## [REQUIRED ACTION]
Scan the records below for the line with "Erdpyramiden Steinegg" and the line with "ホイッスル虹領収書Alioay ステンレスソープ ステンレス石鹸". Repeat those two lines and every line between them exactly, and nothing else.

## [SUPPLIED RECORDS]

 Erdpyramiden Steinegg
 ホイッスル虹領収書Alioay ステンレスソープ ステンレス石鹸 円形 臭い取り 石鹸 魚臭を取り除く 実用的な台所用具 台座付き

---

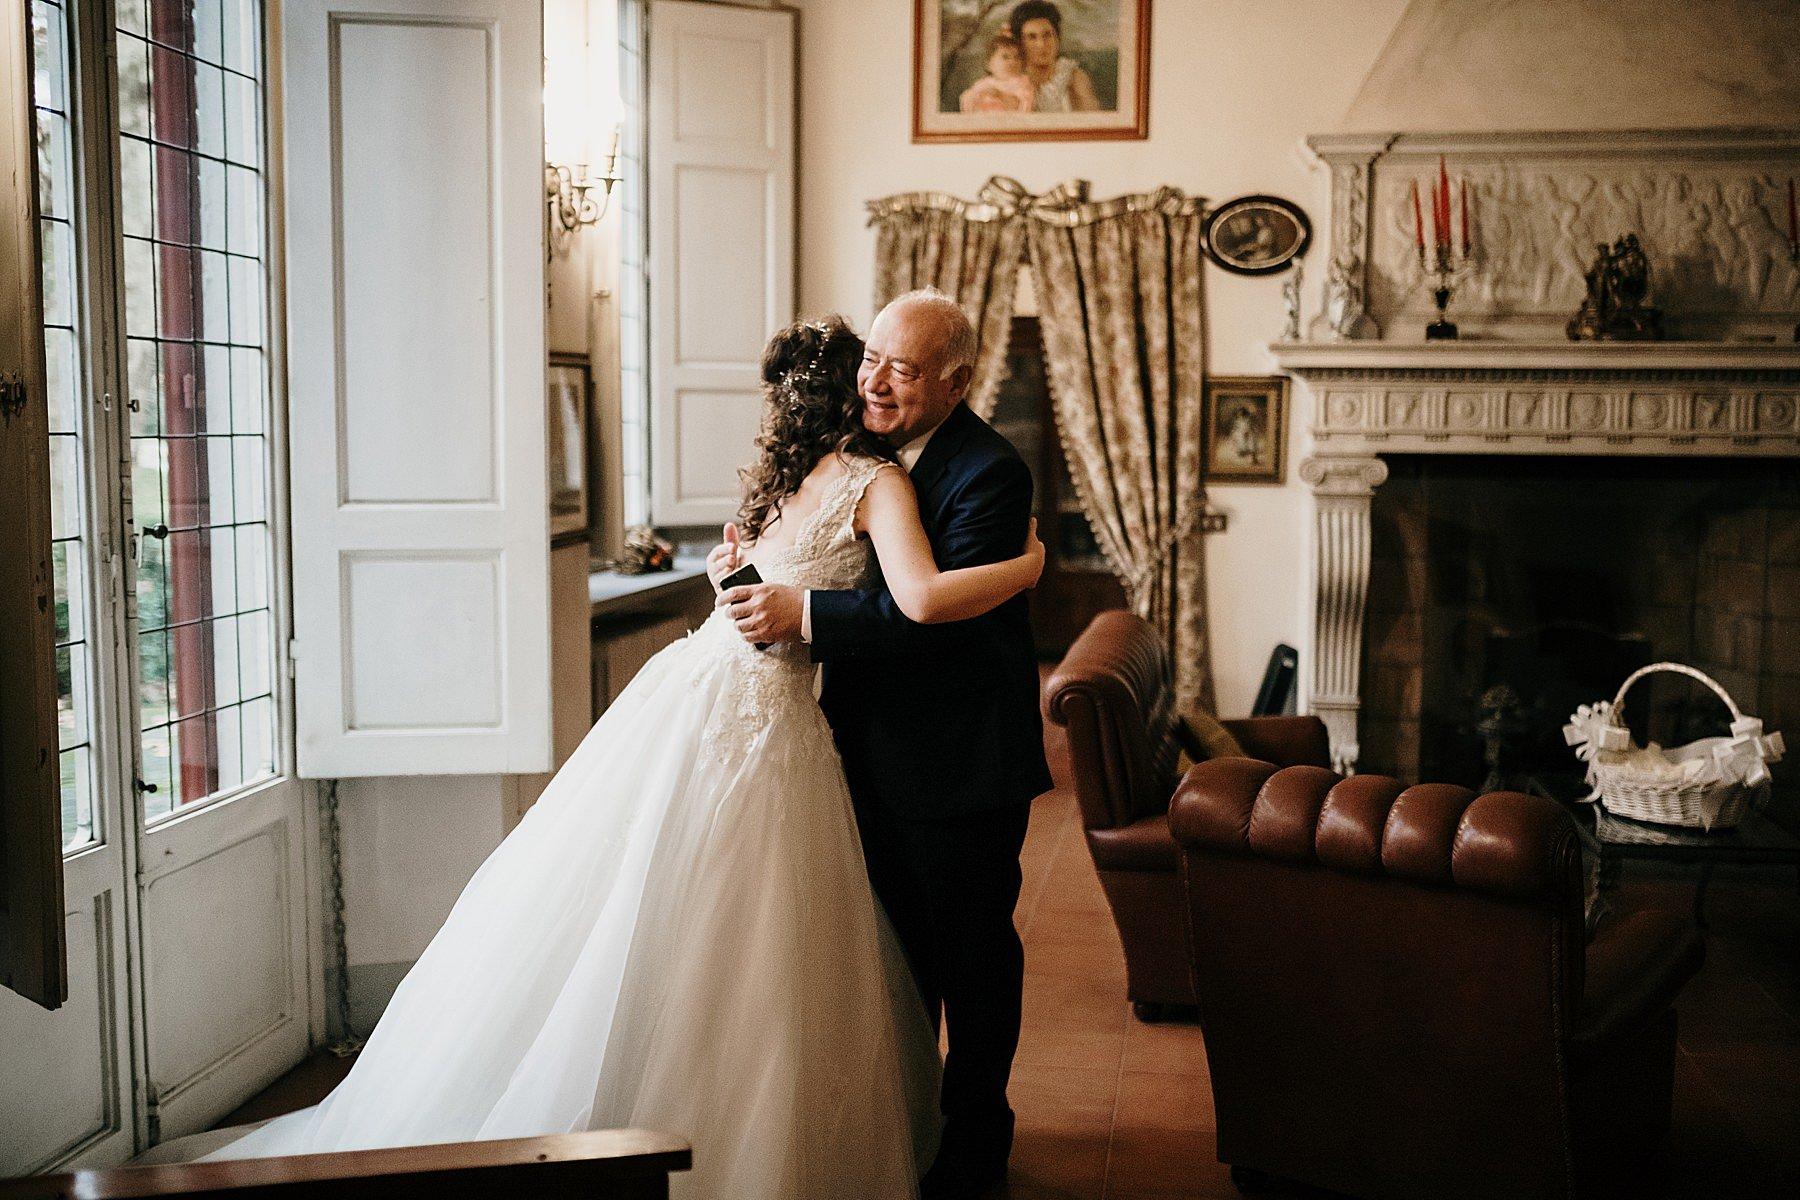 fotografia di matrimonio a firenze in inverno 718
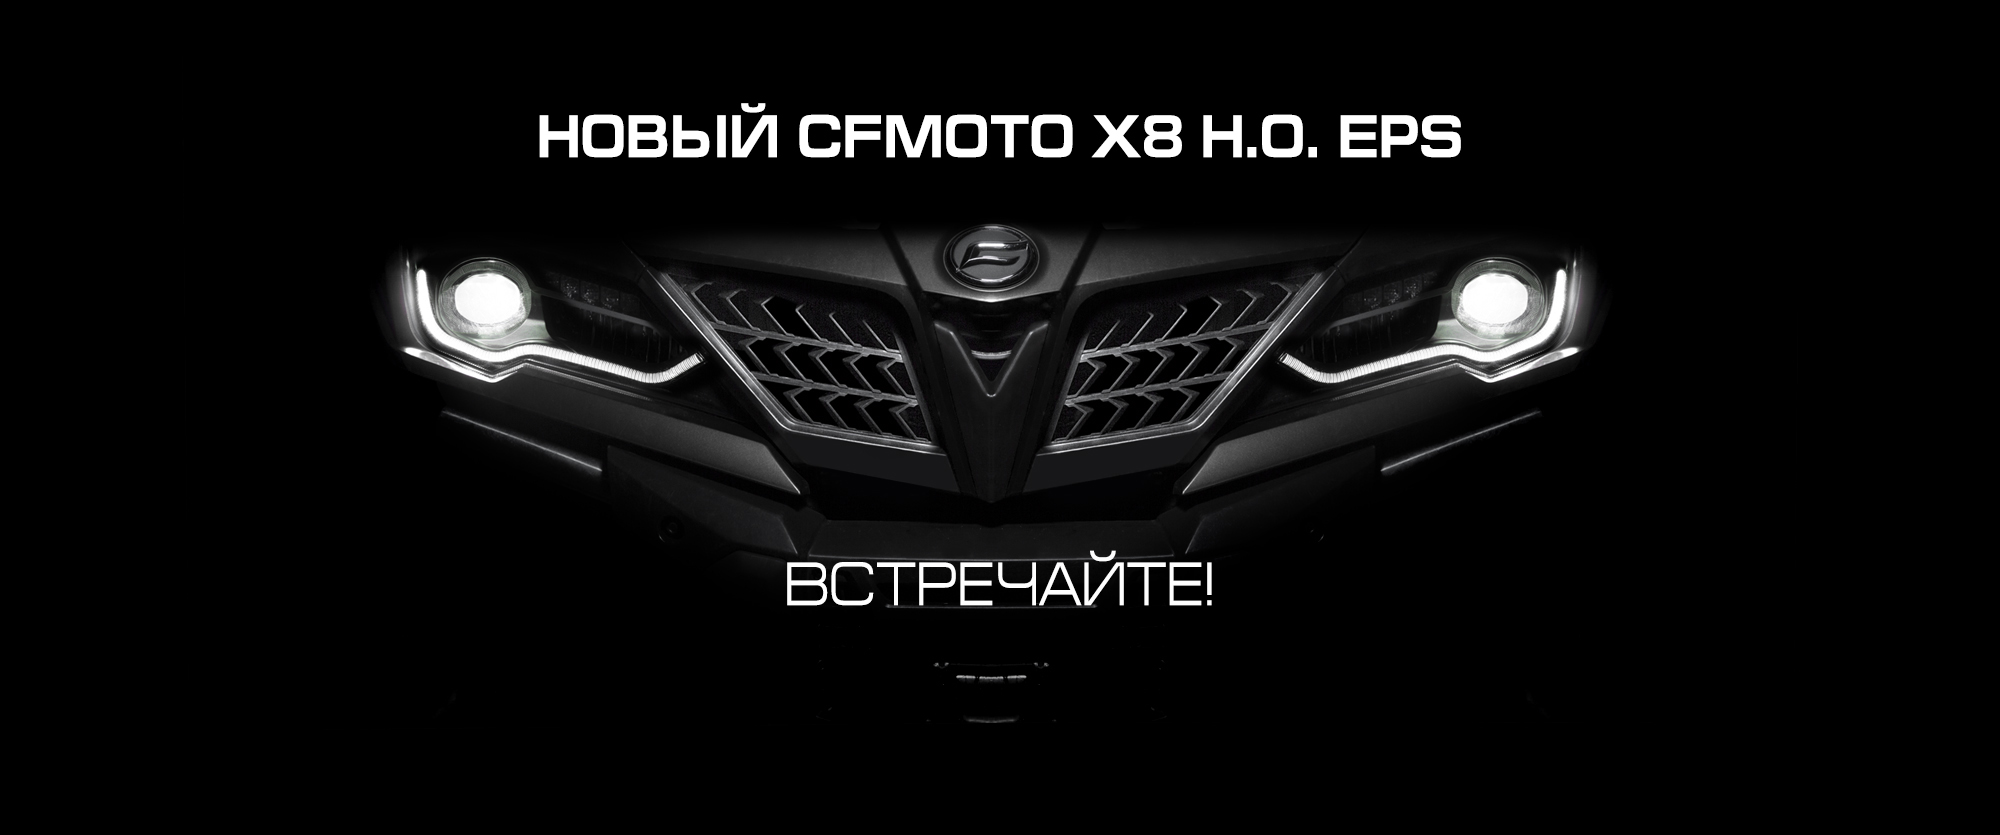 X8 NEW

==

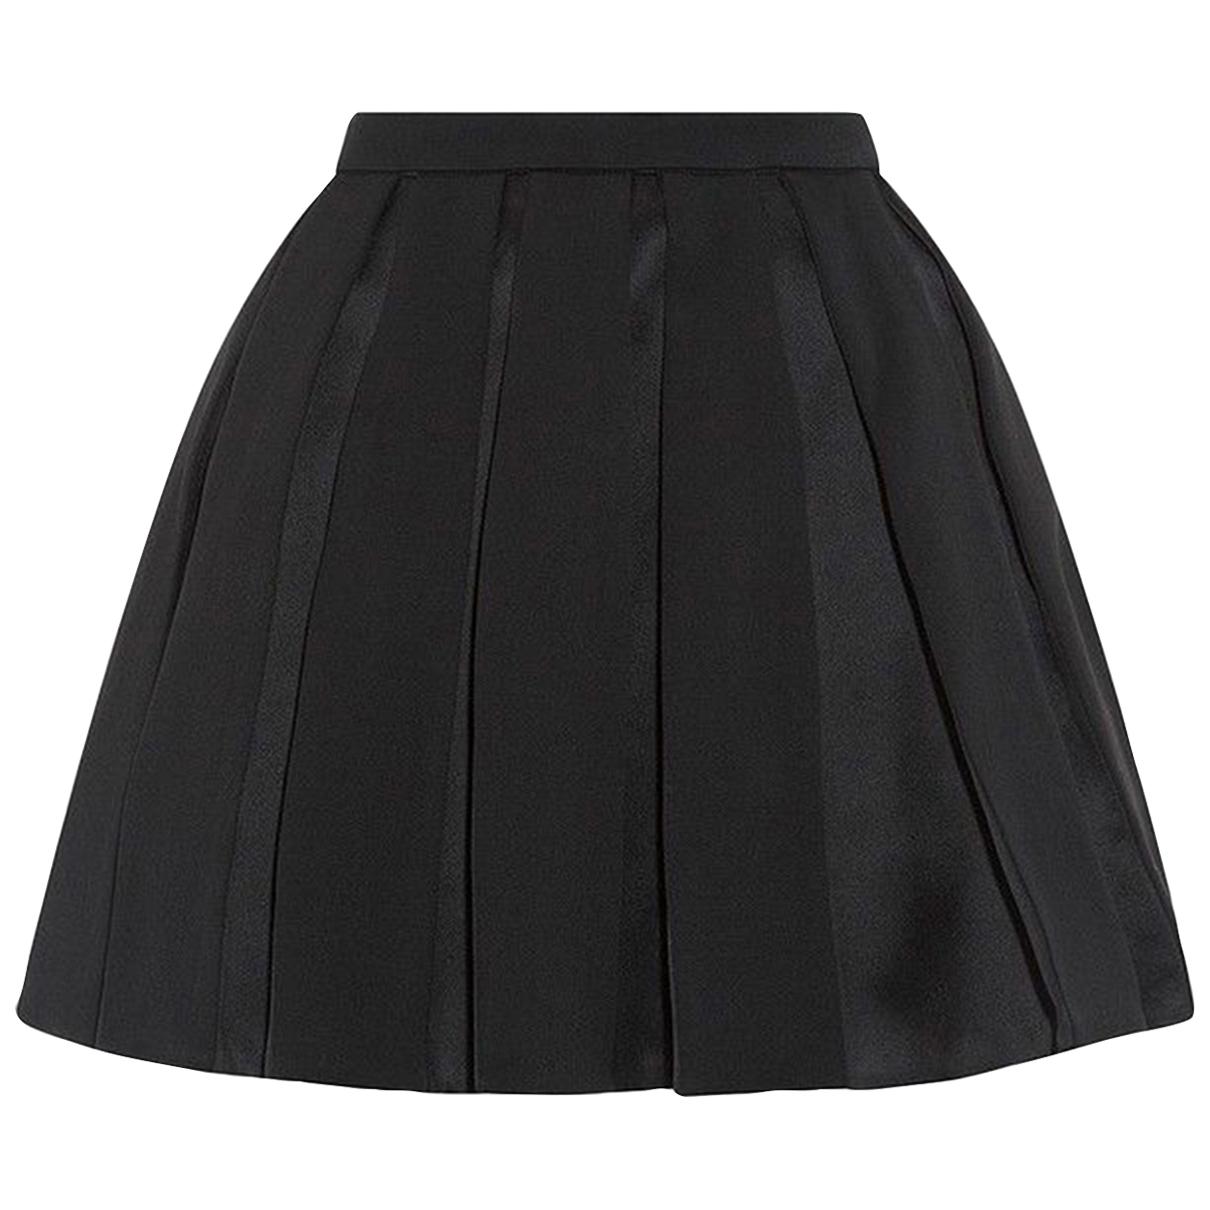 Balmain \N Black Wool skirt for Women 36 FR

## [RESPONSE TO THE TASK]
 Erdpyramiden Steinegg
 ホイッスル虹領収書Alioay ステンレスソープ ステンレス石鹸 円形 臭い取り 石鹸 魚臭を取り除く 実用的な台所用具 台座付き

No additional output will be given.